Click on image for sharper image, or click on the preceding link for an even bigger image.
- Cockpit shows traces of shelling, clean round hole, about 30 mm caliper.
- Some holes are bent inward, some outward
- Rivets bent outward
- Moreover, small cuts can be seen, all bent outward, which hint at the fact that fragments have penetrated the outer hull from the inside of the cockpit.
Bullet Holes in Shell
Now the Controversy
The rest of what Haisenko has to say is quite controversial. Here is my modified translation (corrections welcome).
So what can be happening? Russia has published radar recordings, that show at least one Ukrainian SU-25 in close proximity of MH17. This corresponds with the statement of the lost Spanish controller who claims to have seen two Ukrainian fighter aircraft in the immediate vicinity of MH17.
Consider the armament of the SU-25: It is equipped with a double-barreled 30-mm gun, type GSh-302 / AO-17A, capable of firing 250 rounds anti-tank fire or splinter-explosive projectiles, in a defined order.
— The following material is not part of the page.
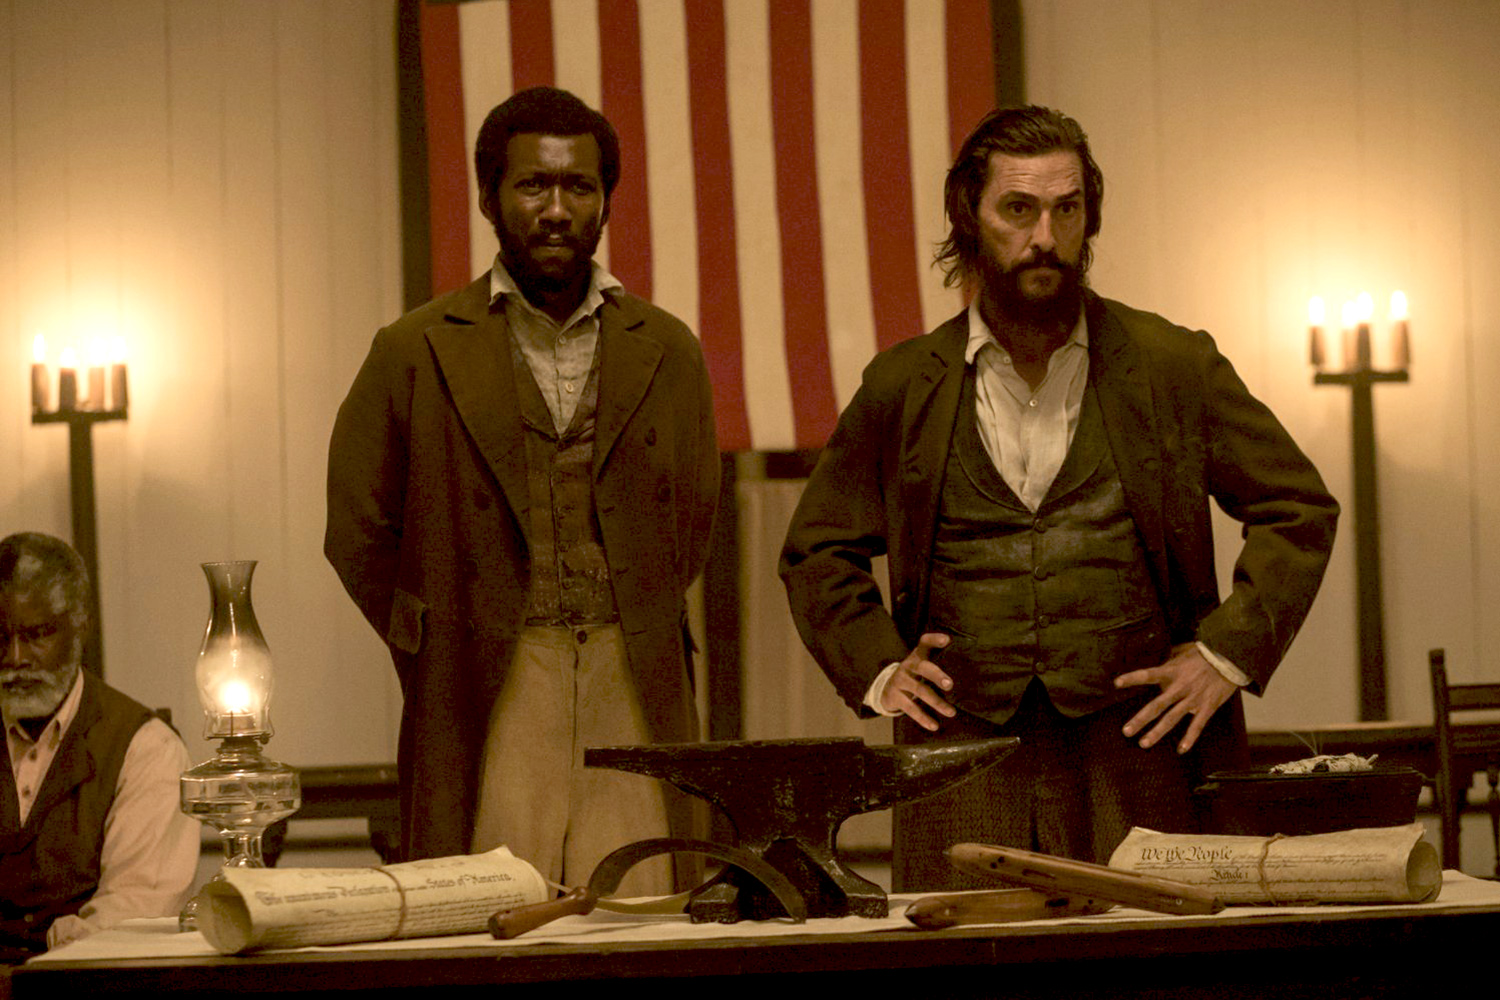 a still from free state jones movie. Matthew McConaughey, right, plays a white Mississippi farmer opposed to slavery and Mahershala Ali plays Moses, a runaway slave

The cockpit of the MH17 has been fired from two sides: the entry and exit holes on the same page. [Mish Note: Reader John points out that a SU-27 has a service ceiling of 62,523 feet and that the Ukrainian army has that aircraft.]
Now just imagine what happens when a series of armored fire and splinter-explosive projectiles, designed so that they can destroy a tank, hit the cockpit. The shells partially escape across the cockpit from the other side, slightly deformed again.
The splinter-explosive projectiles will explode inside the cockpit, as designed.
Because the interior of a commercial aircraft is a hermetically sealed chamber, the pressure inside the aircraft in a split second will rise to extreme levels by these explosions. But the aircraft is not equipped. It will burst like a balloon.
The largely intact fragments of the rear sections are broken at the points that are based on the construction breakup most likely under extreme pressure. The image of the widely scattered debris field and the brutally damaged cockpit segment fit to do so. Furthermore, a wing segment shows traces of a grazing shot, which directly leads to extension to the cockpit.
Interestingly, I found that both the high-resolution photo of the cockpit as the segment are also now been removed from the grazing shot on the wing from Google Images. One can find virtually no other pictures of the wreckage, except smoking ruins.
Even if Haisenko is correct, the image presented does not rule out an accident.
For example, it is conceivable Ukrainian military aircraft thought they were firing on a Russian plane. Notice I did not say likely, I said conceivable.
Regardless, if plane damage rules out a Buk, then the air-to-air thesis that remains, however unlikely initially, must lead to the truth.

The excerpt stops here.